Hopefully you read my note about an approach to my blog unfolding… I am going to go through the alphabet (perhaps not always in order), on a particular topic.
Though I am relying on my experiences to select the word or topic for each of my posts, I am in no way encouraging people to follow my lead… Simply, I am using this blog as a form of catharsis (and it is cheaper than therapy!). If you like it, great. If you don’t, at least I got my thoughts written out and sent down the river.
Let me start by owning up that I have a marketing background. As such, I tend to use buzzwords – a lot more than I would like too. In fact the buzzwords start to infuse themselves into your everyday vocabulary (much like how they suggest starting with hot pink socks will have you wearing a hot pink sweater in no time as you get used to seeing yourself in that color). Hopefully they don’t bother you as much as they do my husband!
My “Alpha Series 1”, let’s call it, will be focused on the Workplace (a serious source of my stress these days and the culprit that gave me high blood pressure).
“A” is for Anger Management
I know that my office is not unlike others around the country. Good people started a small firm doing something they loved and grew it up from a seedling to become a major player in our industry. Even when I started here, there were only six of us in a single office. Now we are a bustling 20 people in three offices.
Like any small start-up, the original core team kept their “day” jobs and wanted to branch out. When they were successful enough or felt they could garner market share, they decided to pursue their dream full-time. As people tend to do, they stayed true to their core competency and handled their part of the business REALLY well. They have been a huge success and deserve the accolades they have received.
The challenge or opportunity for any small business is to realize when it is they become more than a small business and to adjust accordingly. Our firm stayed in the small business mindset for more than a little too long, and we are still struggling to ramp up from those days of humble beginnings. Never was any thought given to a long-term plan or making sure there would be a necessary support structure for the business that was hatched.
(If you are wondering about the anger, I really am getting to it. It is just important to share this background…)
As I said, in numbers we have grown incrementally and carefully in the time I have been here. That said, we have not always grown it smart.
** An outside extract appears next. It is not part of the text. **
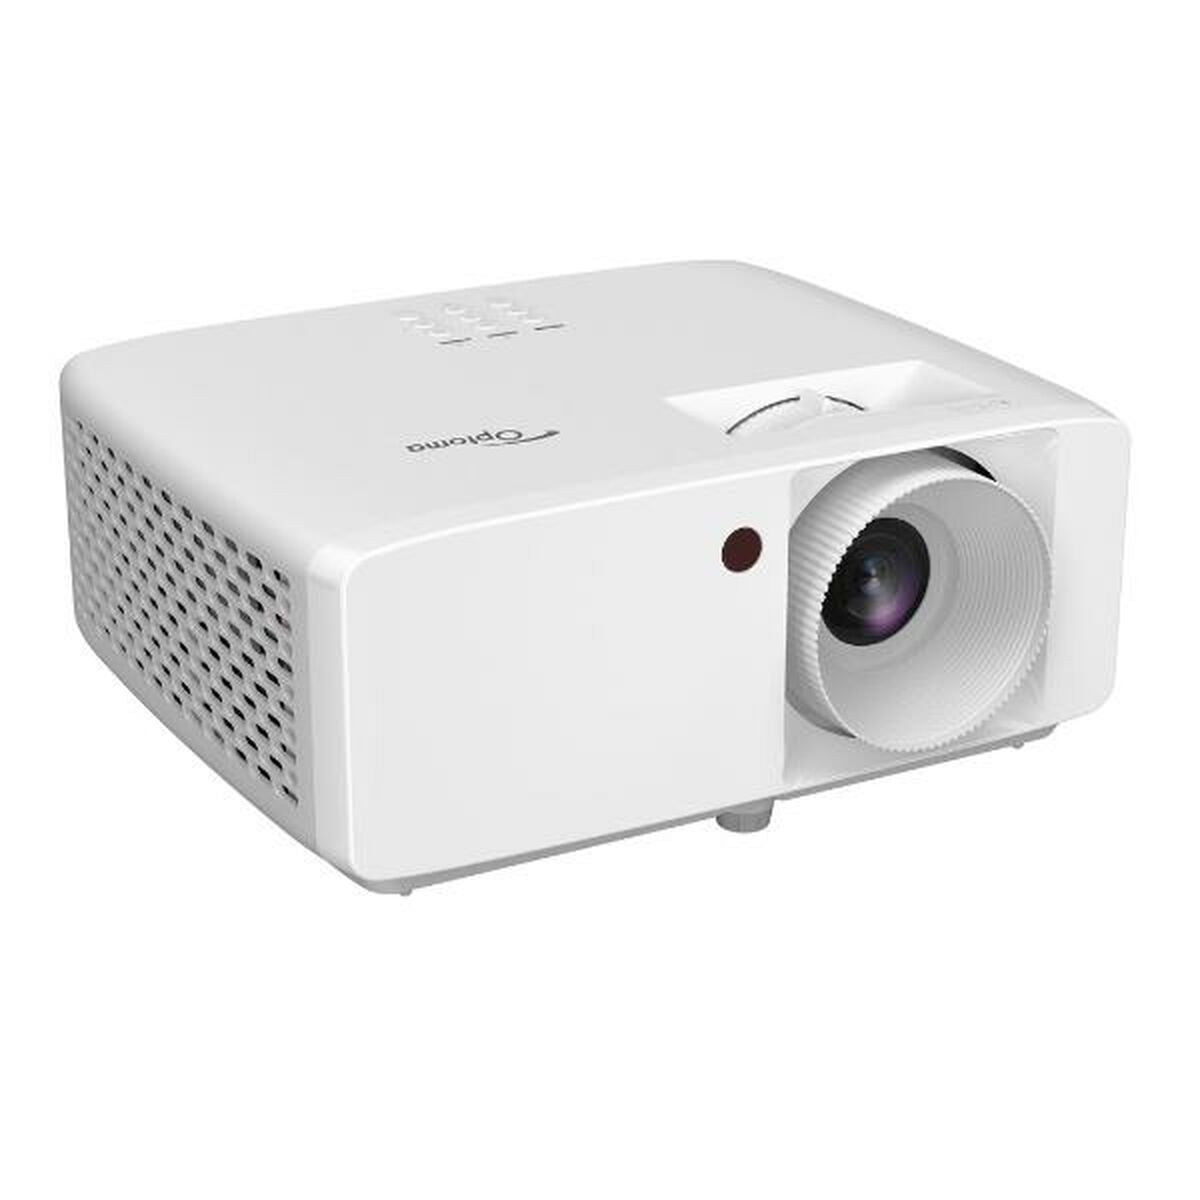 Projector Optoma HZ40HDR 4000 Lm 1920 x 1080 px, Optoma, Electronics, TV, Video and home cinema, projector-optoma-hz40hdr-4000-lm-1920-x-1080-px, Brand_Optoma, category-reference-2609, category-reference-2642, category-reference-2947, category-reference-t-18805, category-reference-t-18811, category-reference-t-19653, cinema and television, computers / peripherals, Condition_NEW, entertainment, office, Price_+ 1000, RiotNook

There are several sides to the business that have been handled carefully (management), a second team that has been allowed to hire in plenty of junior team members to train and nurture, and third team seems to add personnel at will, then yet a fourth group has been left to fend for themselves and “figure it out”. I am sure it will not be a stretch to believe that I fall in “Group 4”.
Where I fit into this Group is as a long-time employee who has seen not one person added at our level in nine long years. To give some perspective, Group 2 has gone from three to nine just in the last few years and Group 3 doubled from two to four last year alone.
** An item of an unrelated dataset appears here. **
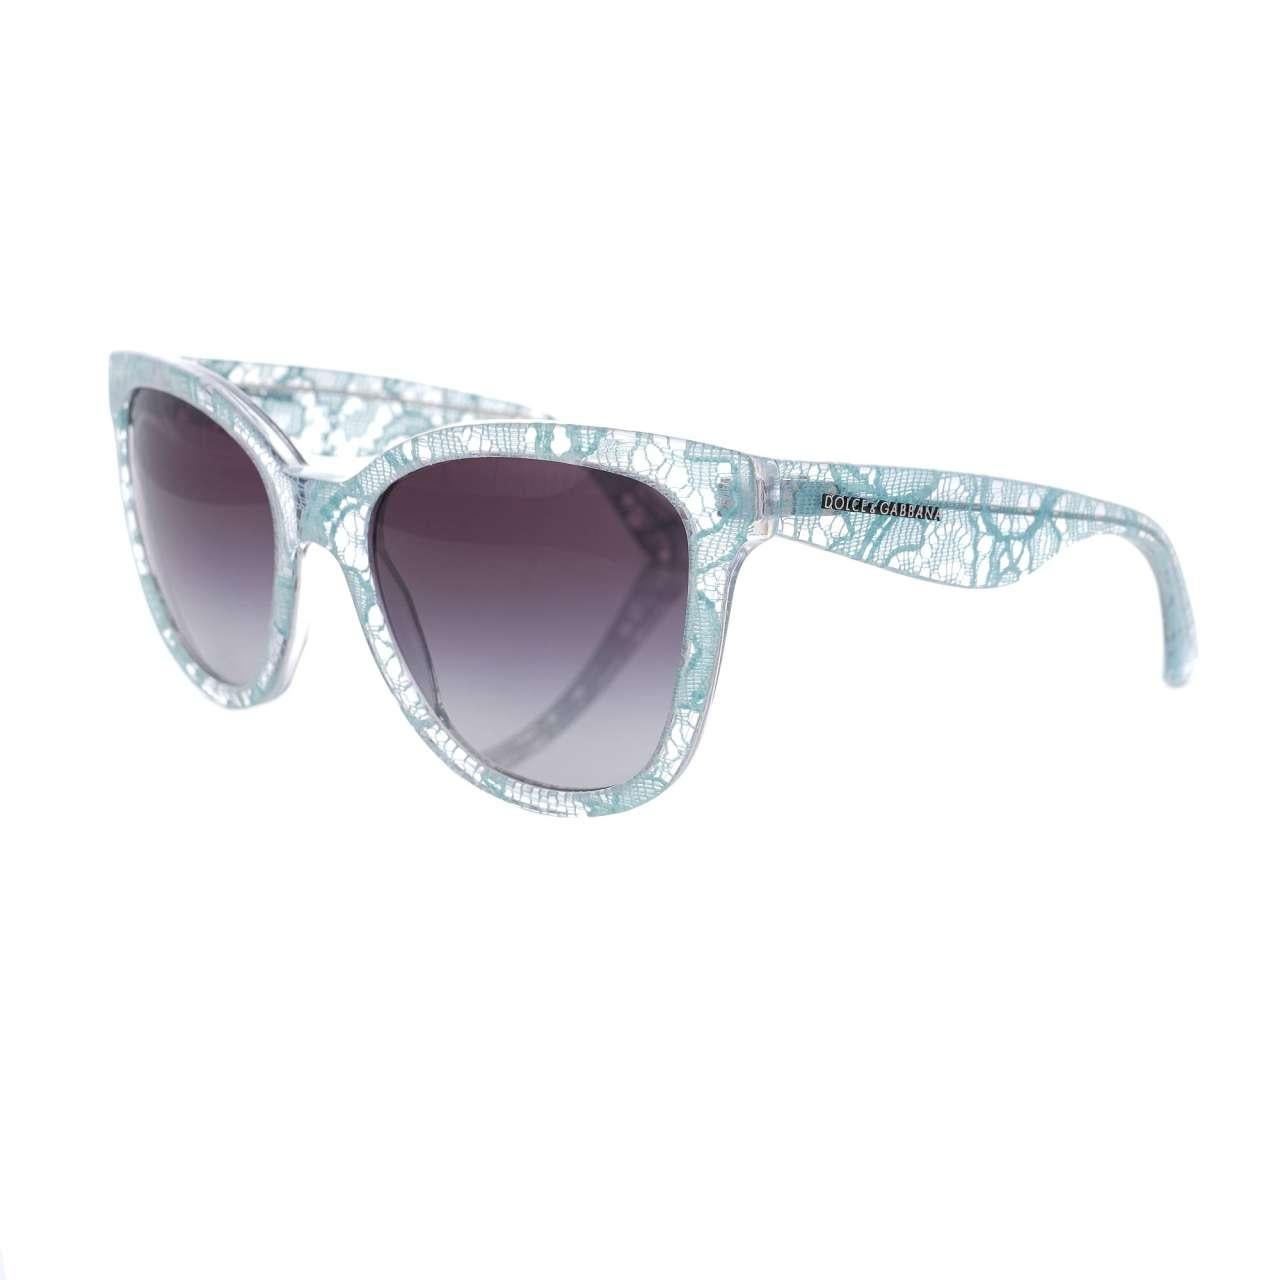 - Sunglasses DG 4190 with Taormina Lace in blue and gray by DOLCE & GABBANA - MADE IN ITALY - New with Case - Model: DG 4190 - Color Frame: Blue - Color Lense: Faded gray - Material Frame: 100% Acetat - 100% UV protection - Size lens / bridge /

Group 4 handles administrative activities. For me personally, that means sales, sales support, customer service, trip scheduling, exhibit booths, and anything else that does not fit squarely within another person’s domain. And absolutely, positively answering the phone! (We certainly can’t have the important people do that…)
Though I won’t go into the gory details, of which there are plenty, what I want to address in this blog post is that for the sake of my well-being and sanity, I have been working to perfect a better way to way to deal with my anger. I may still be angry but I need to make sure that I direct it at the correct target. It is not the fault of my colleagues in Group 2 or 3 that they have leisure time during the day. Someone with more power than them felt that it was more useful to vote with our firm’s dollars to make sure that they had coverage while I have no backup.
Also a recent change to “getting my feelings put out there” for my bosses is that on my annual evaluation I wrote that my biggest accomplishment last year was “Survival”. Perhaps one of them read it, but likely they didn’t. For years they have been asking me to write a section in my review about what I would like to be doing in the next year. Since I back up at least five people, I asked for a backup for my work (which seemed like a very reasonable request to me). After being turned down or more likely ignored in the bulk of a decade for my request, I just stopped writing anything at all in this section. This should have been a big signal to my bosses, yet here we are 3/4 of a year later and nothing. Just the crickets…
Over and above any of my other methods for dealing with my angry work self, I am making sure that there are more things for me to concentrate on than my job. Now you will see me more involved with organizations, community projects, and the long-neglected scrapbooking that needs a few decades of work is getting dusted off.
I find ways to tune out to more of the noise at my end – maybe they’ll hire someone and maybe they won’t, but they get enough of my time and thoughts and taking my health is not an option. The customers come first, and everyone after that will have to wait his turn. Sure, maybe I could do that project today, but perhaps it can wait as well as anything else can.
There is no doubt that I think it is more than fair that we should all get angry now and then, and frankly it does propel us forward at times. Hopefully you will likewise have some luck when you bring the focus back around to yourself, redefine how you fit in the firm, and then what you can do to keep your life from being solely firm-focused. A friend told me once that even though I may feel there is something I need to do at the office on the weekend, if I die they will still only take a week to replace me. Sounds like a watered-down quote from somewhere, but I think she had a good point!